Hi all... This might be TMI for you all but i guess this is what these forums are for!!

Im 18 weeks pregnant and i dont have a great sex drive... but i try to do it even when im not that horny just because i know it isnt my partners fault that iv lost my mojo!

I enjoy sex when i get into it... My partner always gets a look in his eyes when he is really close to ejaculating so i know i can start to relax, when he is very close, that is when i enjoy it most. I feel as though im about to reach climax but then it totally goes.

Basically i want to know if this is normal as its not like im not enjoying the sex. I am...but cant finish :(

Please help me

xxx


----------



## mummystheword

Do you think maybe it is because you are subconsciously worried about damaging the baby?
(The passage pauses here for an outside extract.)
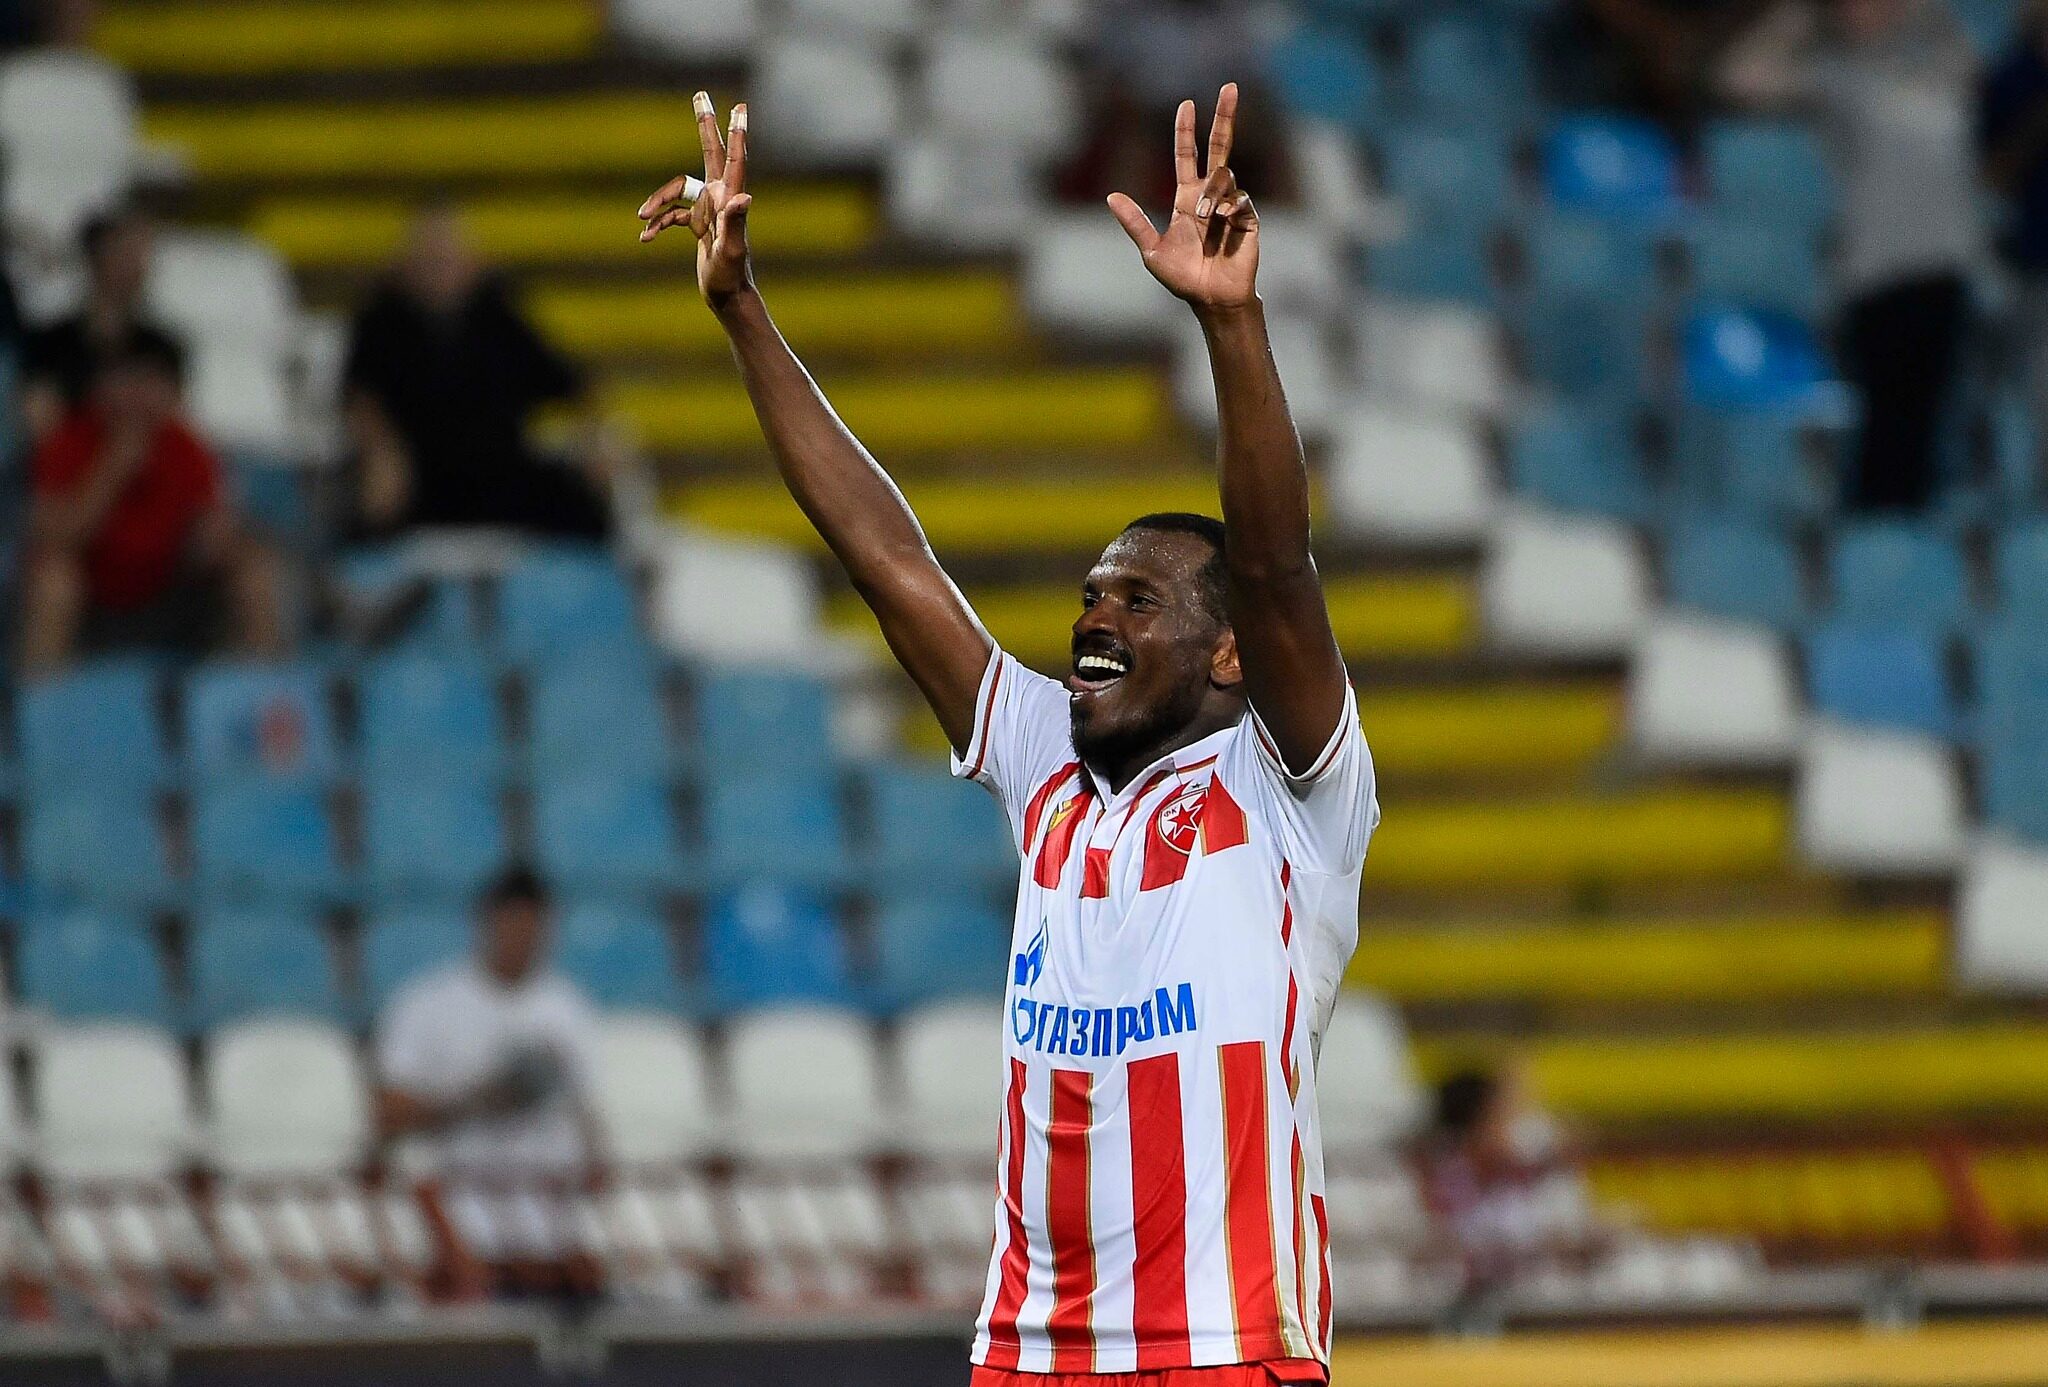 El Fardou, Super Liga | El Fardou Ben Mohamed signe son deuxième but, Comoros Football 269 | Portail du football des Comores

I know I worried about this at first, I know it is perfectly safe, but I still feel like this now. I know it is a lot easier said than done, but maybe try to relax and the rest will happen naturally. I have found since becoming pg that I don't have much drive, but once I get into it ( :blush: ) I probably enjoy it more as things seem to be more sensitive now :winkwink:


----------



## Sofiekirsten

Apparently it's completely normal I am exactly the same...

I miss being able to climax lol 

:flower:


----------



## fluttery

I miss having sex! lol.. 
I haven't had any since January due to low placenta.. 
But in my first pregnancy I never had any drive at all and never climax. But as soon as the 6 weeks were up after baby, I was wanting it bad.. lol.. 
Im sure it will return after baby..


----------



## readyformore

I laughed when I read your post. I don't know anyone else that couldn't climax while pregnant!
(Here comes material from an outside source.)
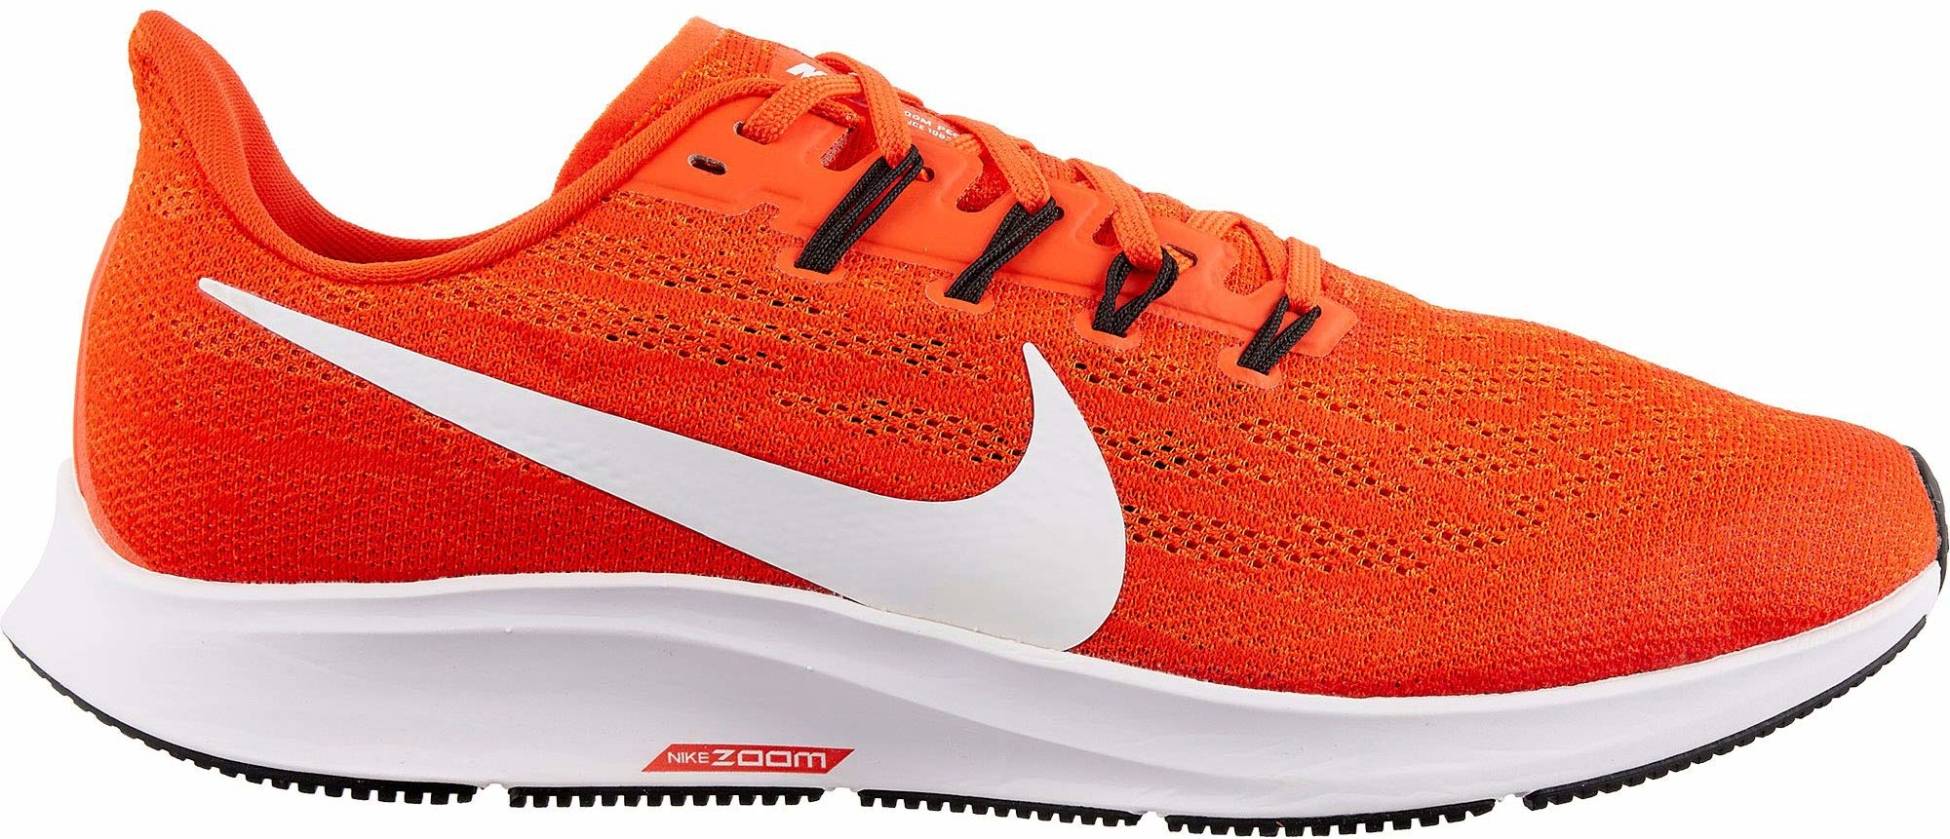 Save 24% on Orange Nike Running Shoes

With my first 2 pregnancies, I always wanted to have sex, and I enjoyed it immensly, but I could never climax. Ugh. . . that was 9 months of frustration. I'd never experienced that problem before.

With my third, no problemo. . . So I guess it's just different with each pregnancy.
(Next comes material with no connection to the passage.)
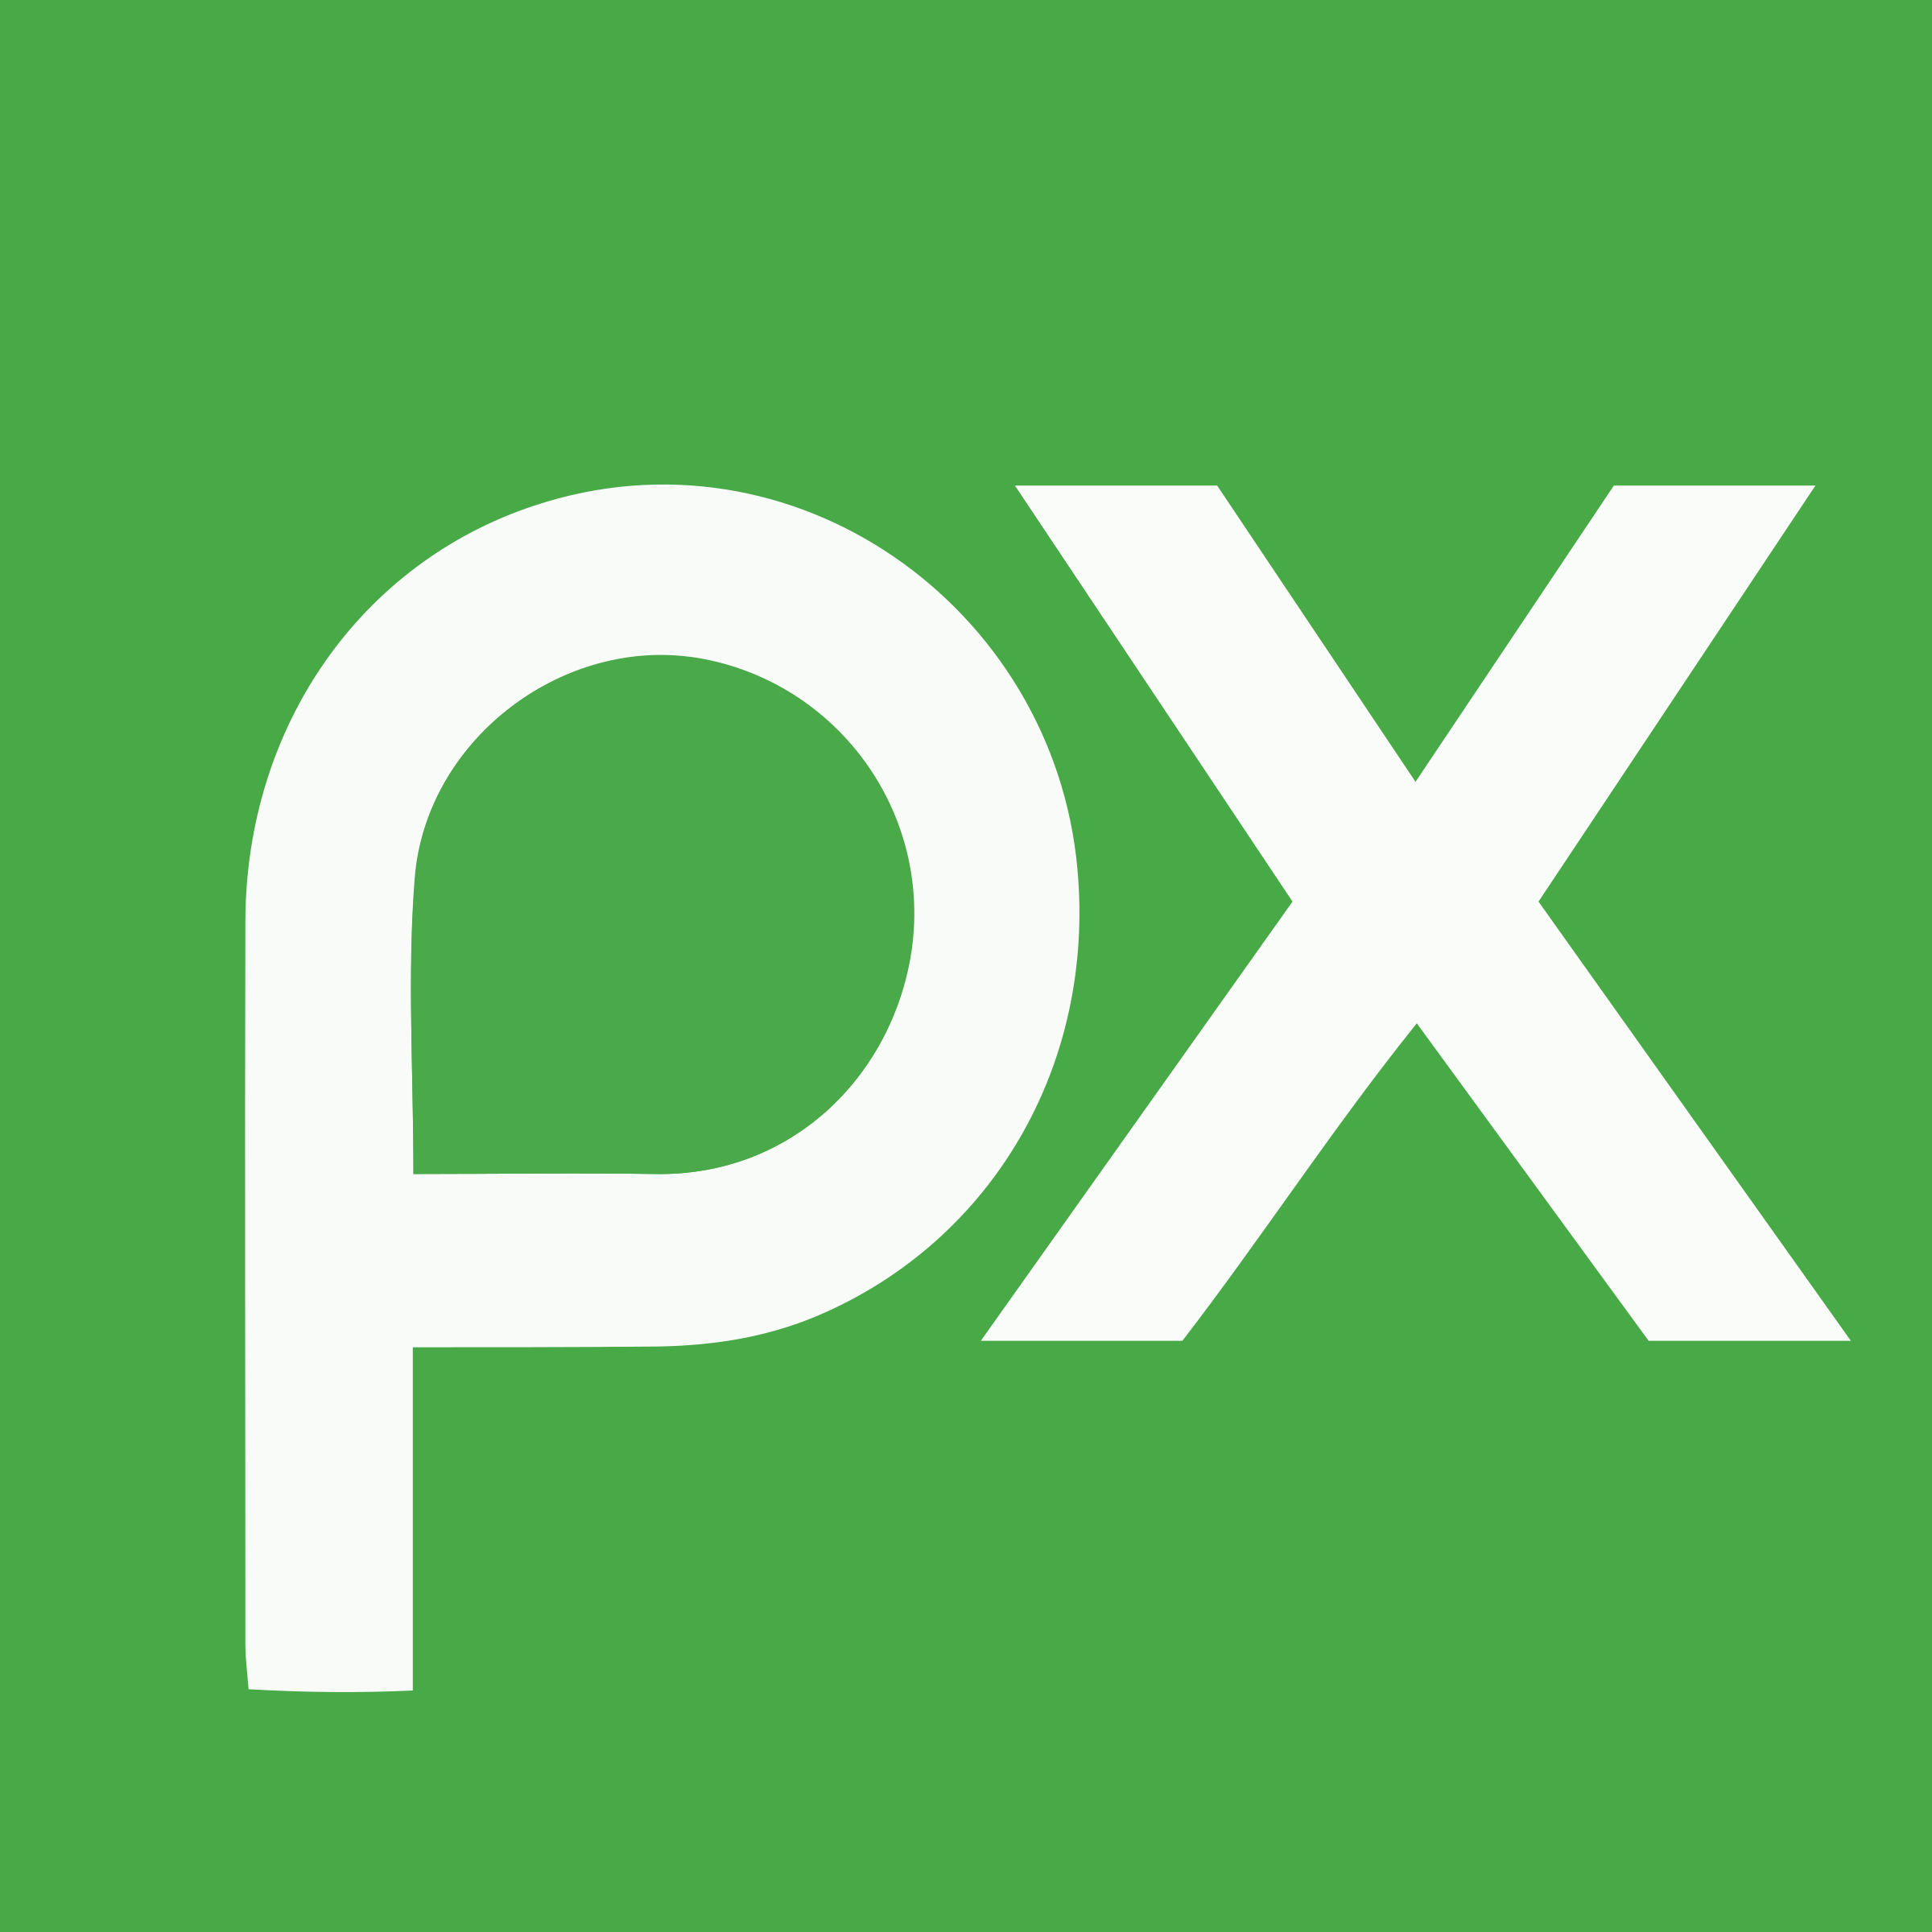 Pixabay 's Logo

I've read that women can have either an increased orgasm, or a more difficult one while pregnant. Personally, I'd rather have increased!


----------



## missjaime

i know how you feel hun
i gave up trying i get such strong braxton hicks when we do it that it hurts so i figure il get the hubby have his wicked way and thats if for a few days its pretty much a once a week thing for us as hes a baker and works early hours so goes to bed way before i even want to so its more of a weekend event but even then i cant be stuffed. im never in the mood but im fine once we get into it. personally before i was pregnant it was a easy release since he knows what hes doing now it only happens if i do it myself which i hardly can be stuffed doing. 
good luck


----------



## magicbubble

i agree with what other people have said. but also, do you do any forplay before hand? i think it can take women a lot longer to get there than men anyway so it may help if your oh warms you up a bit before dipping his stick? you wont climax once hes finished cos hes had his fun and so maybe give up on the idea of finishing at the same time and get him to start you off early so you can maybe at least finish before him cos at least he can carry on till he is done.... does that make sense?


----------



## mr_random

My opinion as a man...this is where the term "Ladies first" is most important.
Plus I'm crap in bed so I gotta do what I can..lol


----------



## ClaireMuir123

Hey Steff!

I've only had sex once since I concieved, I've just not had the urge at all! But even previous to being pregnant I've only once been able to O during sex. It's nothing to do with either me or my partner 'not doing it right' lol I've just the way we do it lol. If you're finding it frustrating not O-ing during sex, get him to 'tickle your fancy' before or after it.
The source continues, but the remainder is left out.